The researchers write: “As e-cigarette use rapidly becomes more prevalent, data from online social systems can be used to capture and describe the social and environmental context in which individuals use, perceive, and are marketed this tobacco product.”

“Internet searches (Google Web Search) for e-cigarette–related terms increased by 450% from 2010 to 2014 in the United States…Searches for terms indicative of purchasing e-cigarettes have outpaced searches indicative of interest in health concerns or smoking cessation… images often showed “cloud chasing” and “hand checks”, suggesting these are appealing characteristics of this emerging tobacco product.”

Lead author Jon-Patrick Allem, a research scientist in the Department of Preventive Medicine of the Keck School of Medicine, said: “We now have measles outbreaks in Southern California because people shared personal stories about how vaccinations reportedly caused their child to have autism. Social bots may not have the star power of Jenny McCarthy, but what they lack in fame, they make up for in quantity and determination. They are designed to promote a specific, slanted narrative — 24 hours a day, seven days a week.”

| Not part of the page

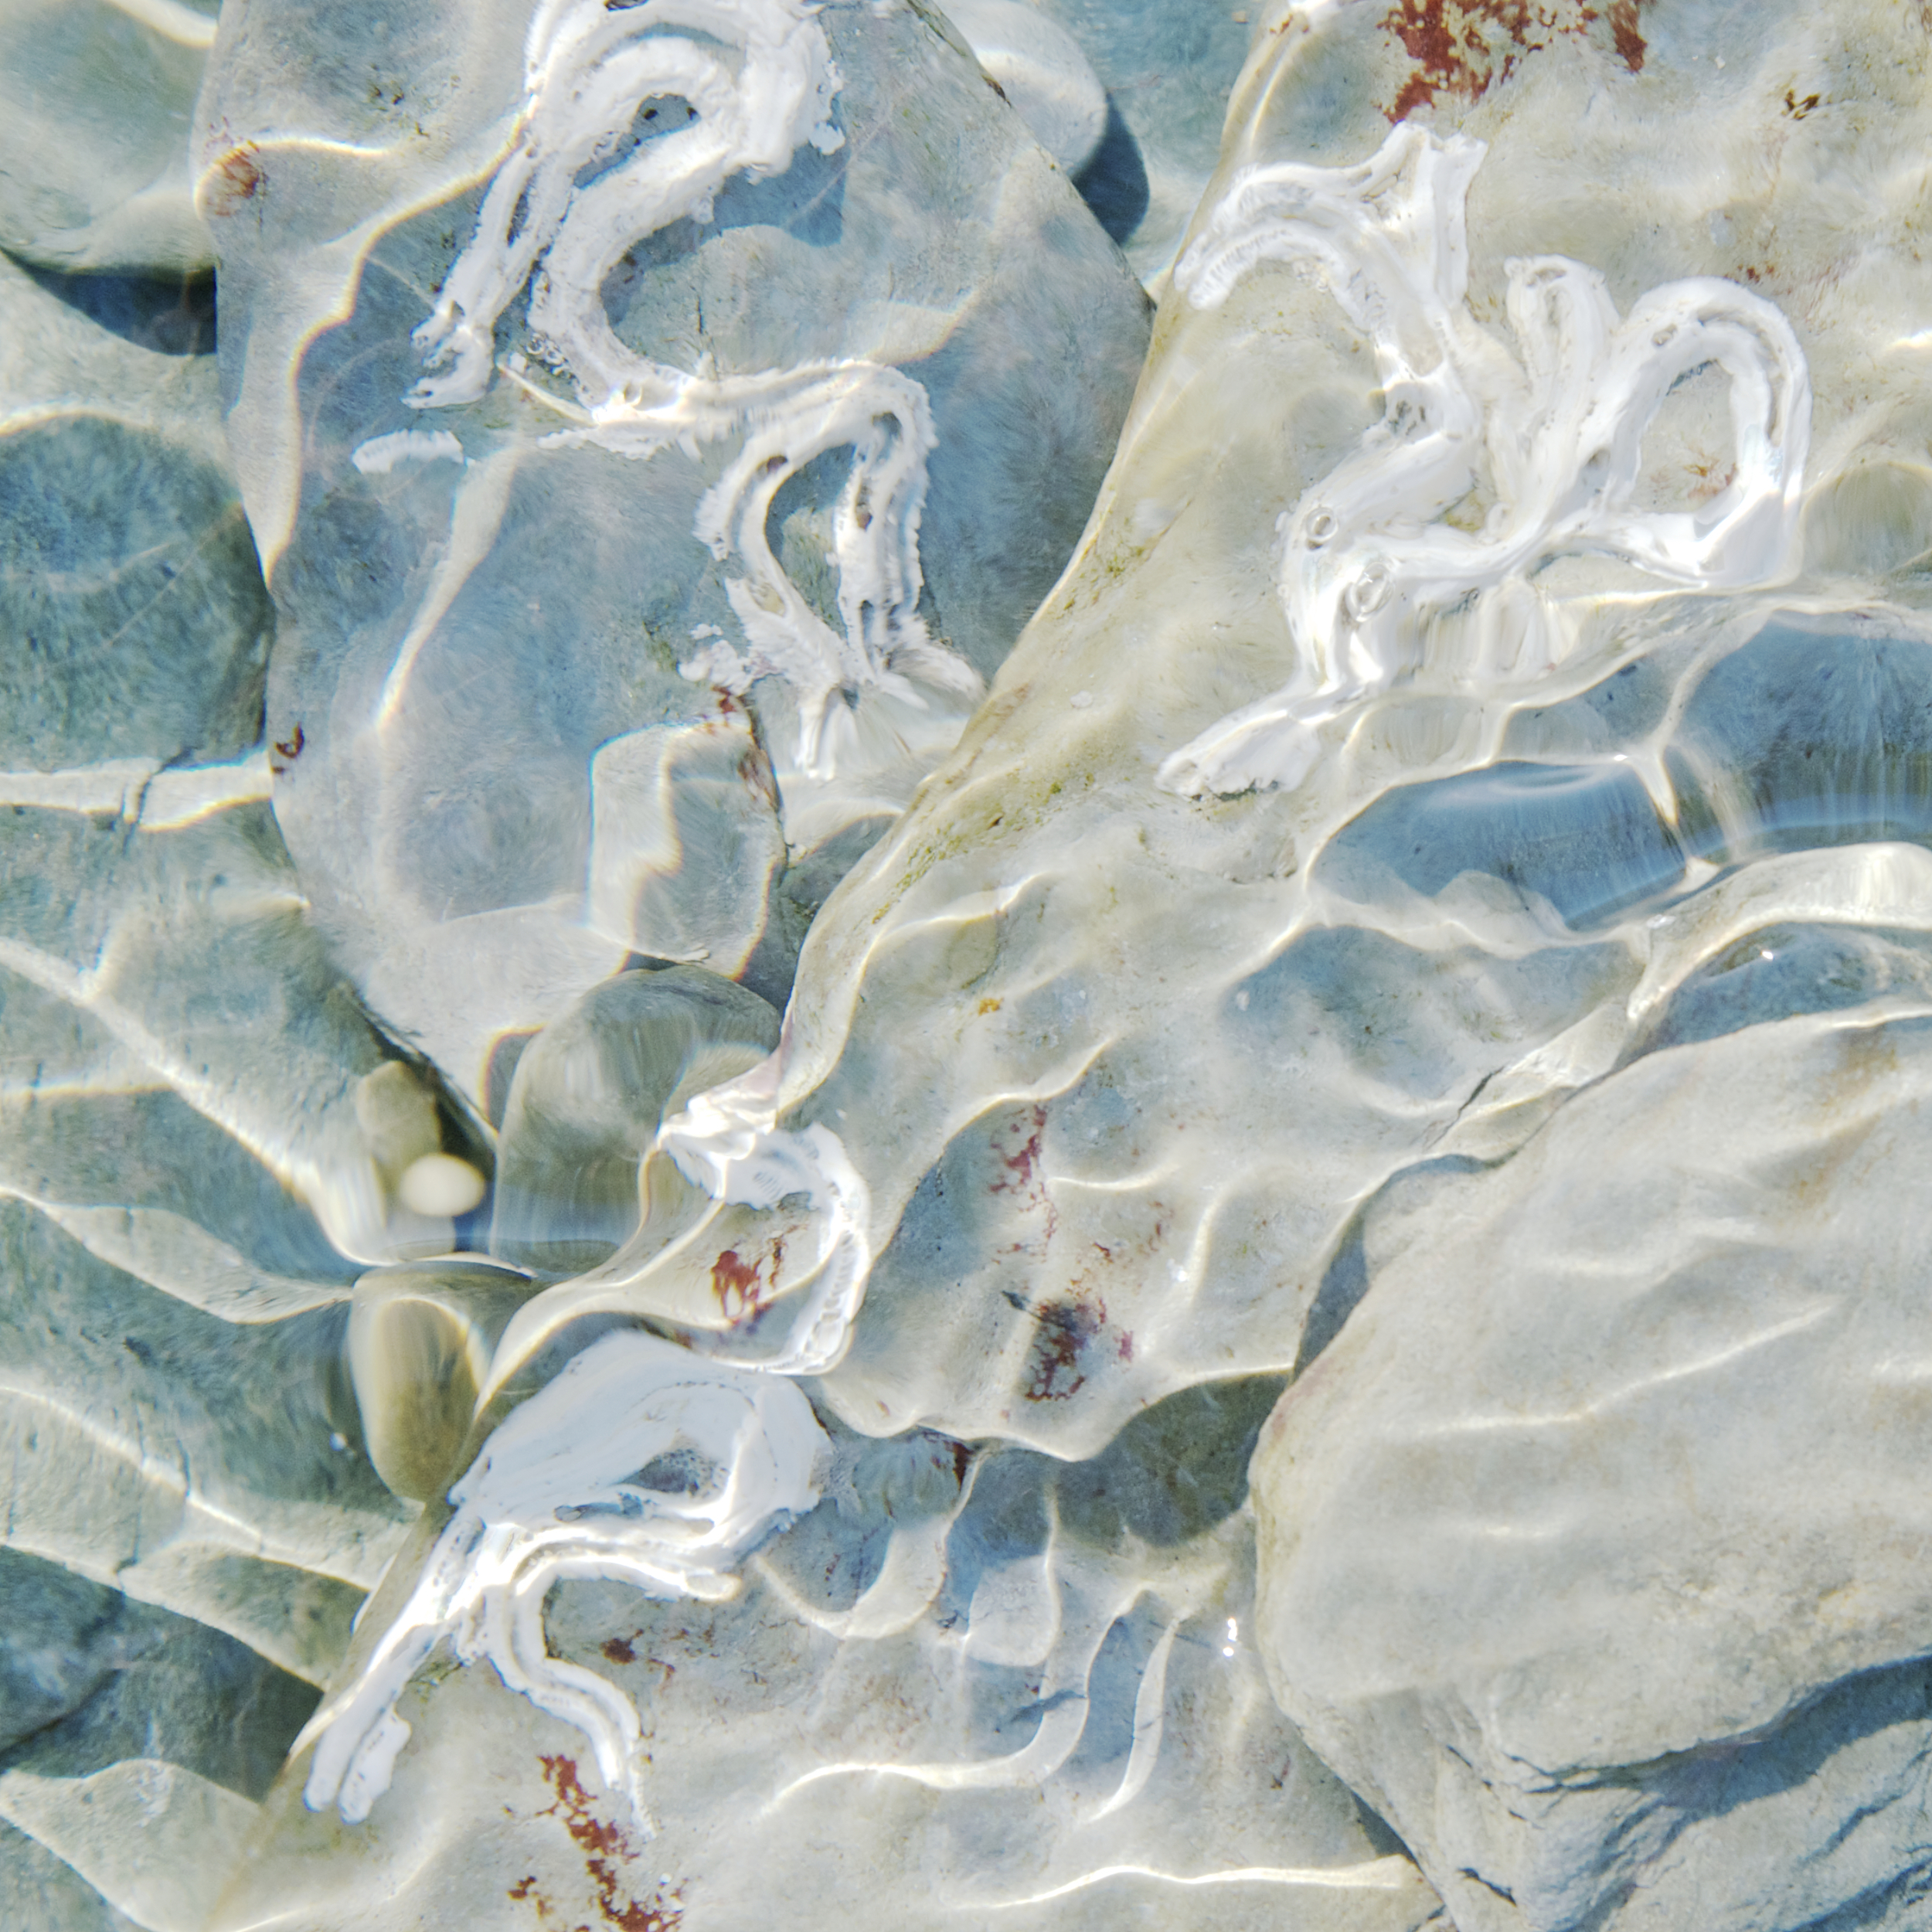 'Slate pebbles with keelworm tubes' by Lisa Woollett.jpg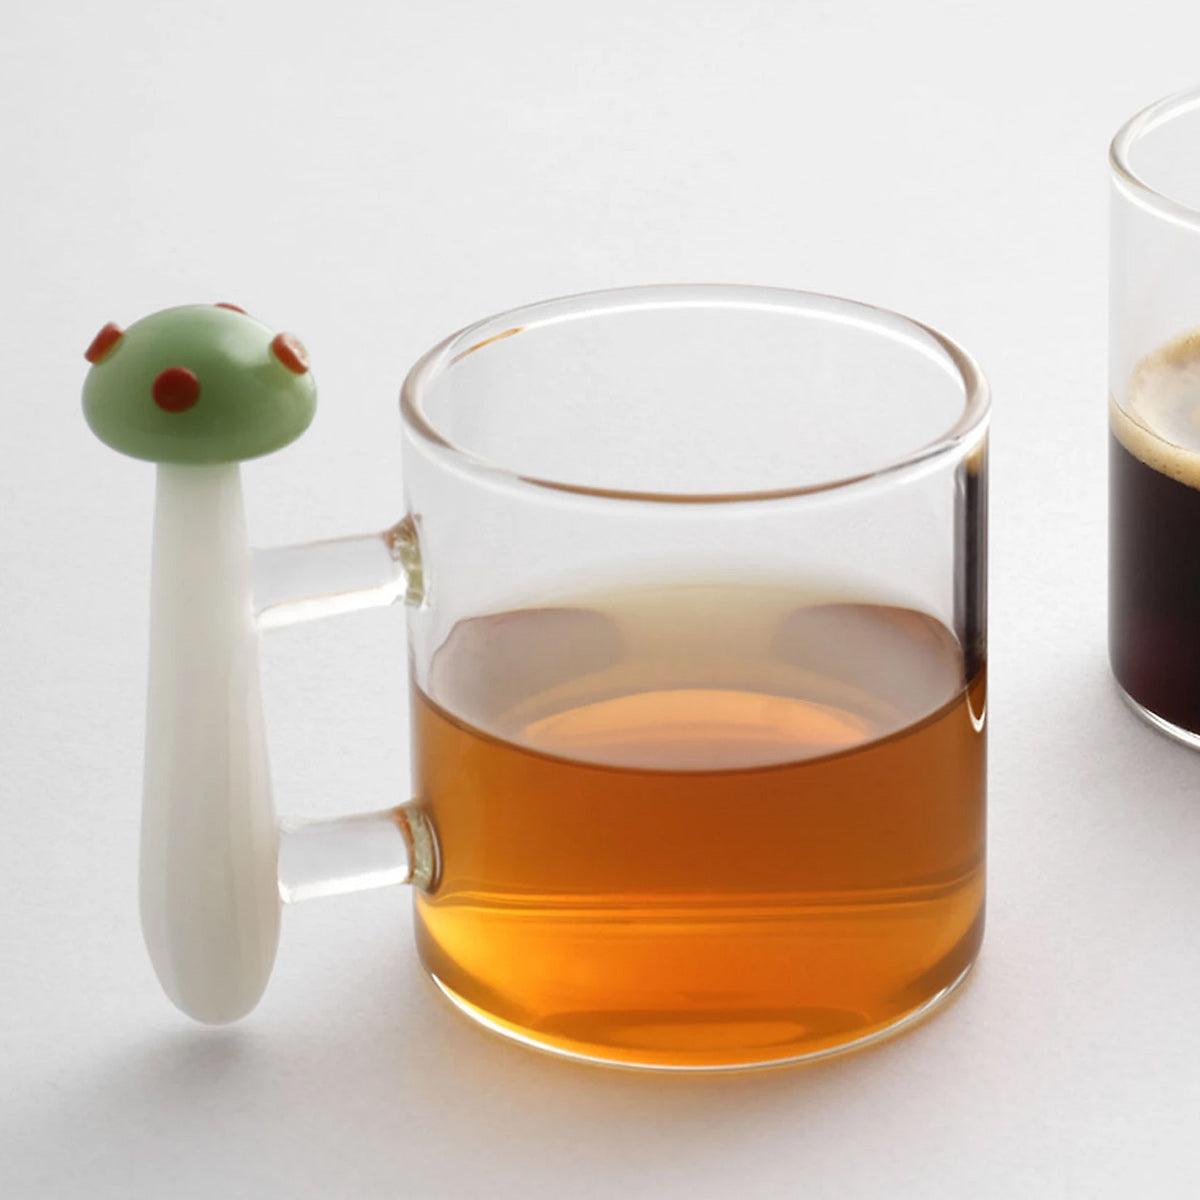 110cc【愛麗絲咖啡杯】(綠蘑菇) 義大利Ichendorf 手工茶杯盤組 - MSA玻璃雕刻

“Social bots can pass on health advice that hasn’t been scientifically proven. The jury is still out on if e-cigarettes are useful smoking cessation tools, but studies have shown that the chemicals in vape juice are harmful. Scientists are still trying to understand if vaping damages the respiratory and cardiovascular system. Bottom line: Online falsehoods can influence offline behaviour.”

Even if these bots exist, the research doesn’t tell us why or who is setting them up – or what they have to gain from truthfully promoting vaping as a way to continue to use nicotine but drastically reduce personal exposure to harm. The researchers didn’t care, they automatically took up the position that vaping is as bad as using a tanning bed.

“There are many unhealthy choices social bots can promote,” continued Allem, “and our future research will focus on other areas such as tanning beds, supplements, fad diets or sugary drinks. People need to be aware of these fake social media accounts, and public health campaigns should be implemented to counteract the most dangerous unhealthy behaviours these bots are encouraging.”

Allem claims that it is possible to identify bots from real people by looking at the hashtags they use. Bots, he states, are more likely to post hashtags like #quitsmoking and #health. Real people, on the other hand, focus more on behaviour apparently – using terms like #vape, #vapelife and #vapenation.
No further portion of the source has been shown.